ETA: I am appalled at how many people are telling the OP what kind of party she should have or how she should have it and "why would you have such a fancy party" etc etc... She can do whatever she damn well pleases...yeah I know she came here for advice but cut the woman some slack. If she wants to have a fancy party with china and gloves and hats then that's what she wants. Why slam her for it?


----------



## thebee321 (Dec 13, 2003)

Quote:


Originally Posted by *IdentityCrisisMama* 
And I don't even know what china is exactly.

I'm so glad someone else said this! I'm only sure that I don't own any (unless you can buy it at IKEA







) and that I probably have used it at various events/occasions, I'm just not sure by looking at something if it is called china. How does one know the difference?

I have to agree that I think no children (except small babies) at a baby shower is best, if it's an all-women shower. Mostly because I know I am not totally "present" when I have to keep an eye on my kid and cannot participate well and follow conversations. I have been to showers (one of mine included) where whole families were invited, men included, so that was a bit easier, because for the most part the children had two parents to watch over them.

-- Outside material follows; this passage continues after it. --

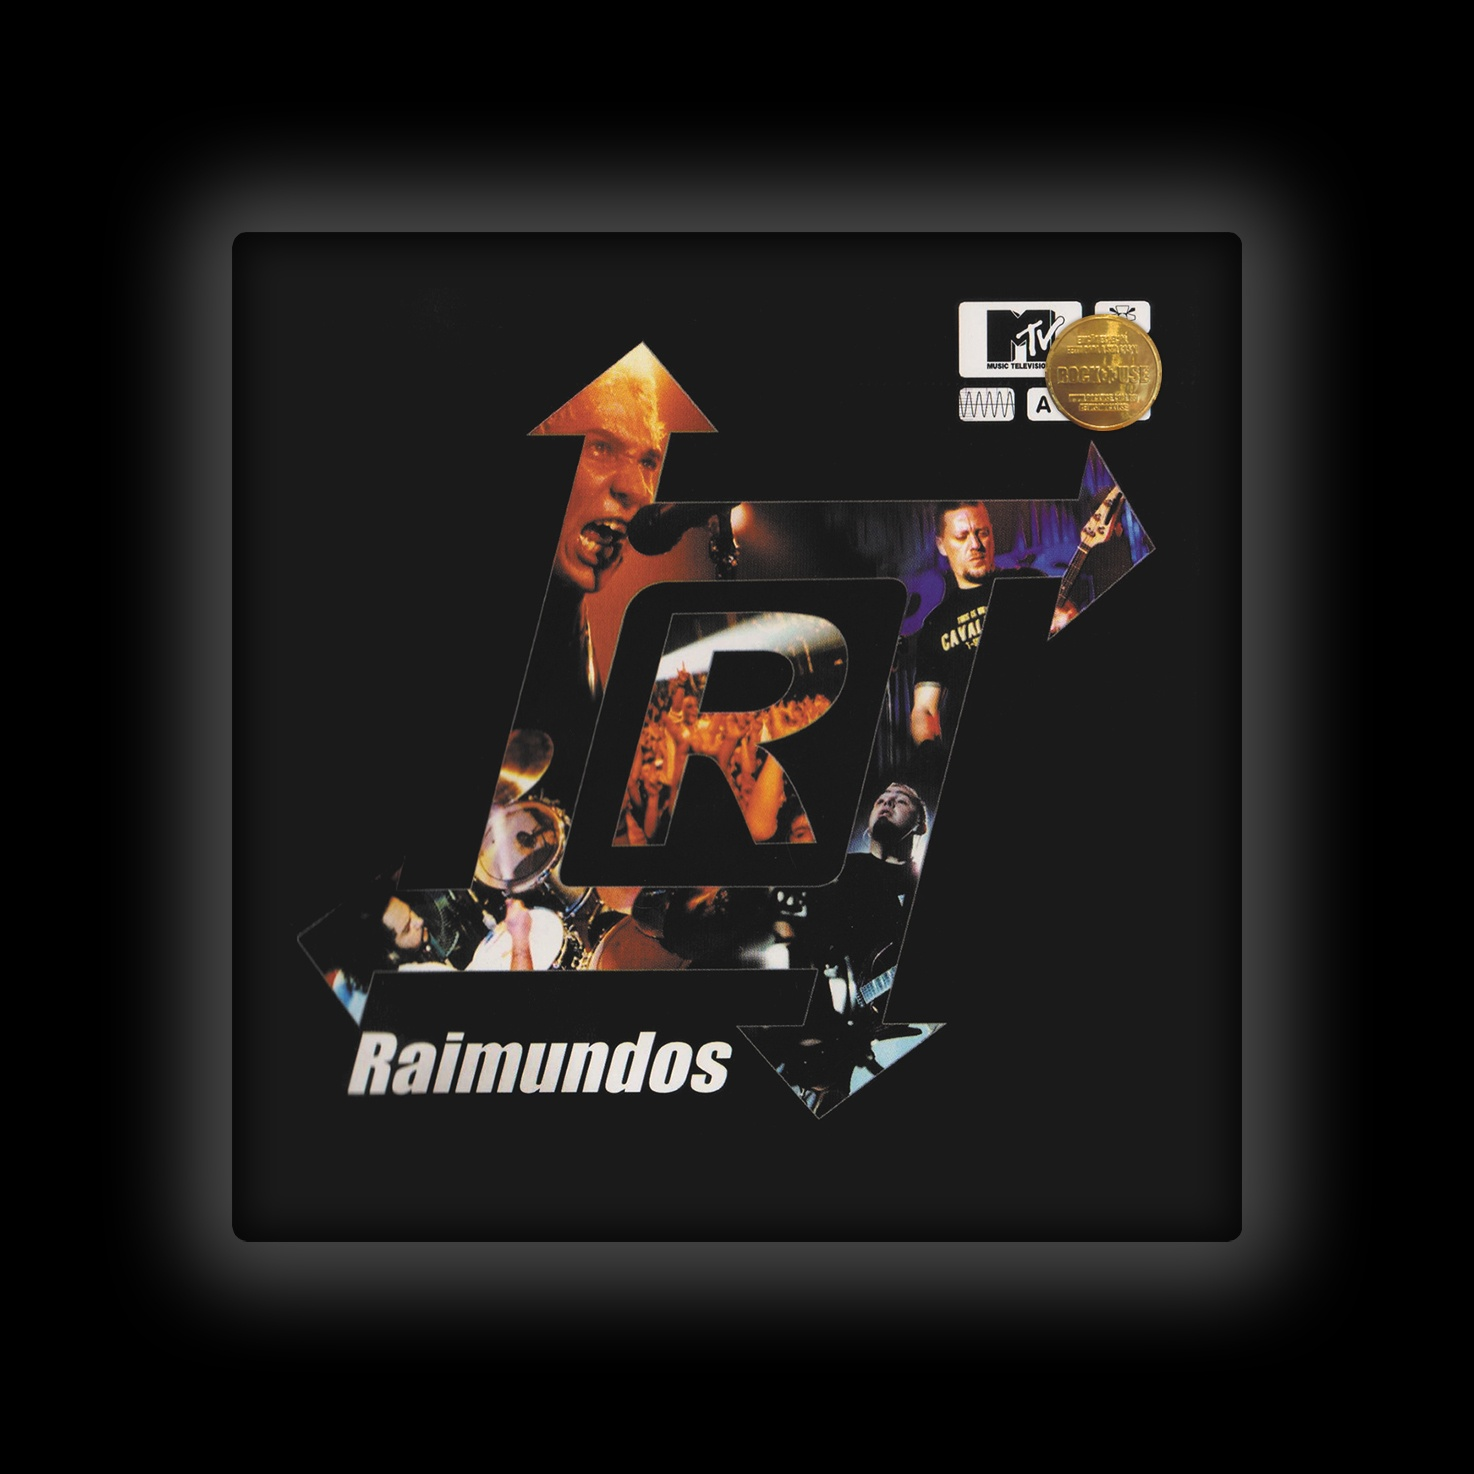 Capa de Almofada Raimundos - MTV Ao Vivo

Also, it was less about serious, womanly conversation since the men were there, so it would be less important to be focused on the conversation.


----------



## ShadowMom (Jun 25, 2004)

Quote:


Originally Posted by *2tadpoles* 
You know, the comment about having the husband watch the children may have been a thoughtless one.

But really....out of 40+ guests, it's likely that the majority of the kids have a dad around who can care for them while mom is away for a few hours.

I've been a single mother, and I know it can be rough. But to actually be _offended_ by the aforementioned comment?







Come on!

I'm sorry that so many posters feel it was silly for me to be offended by this thoughtless comment.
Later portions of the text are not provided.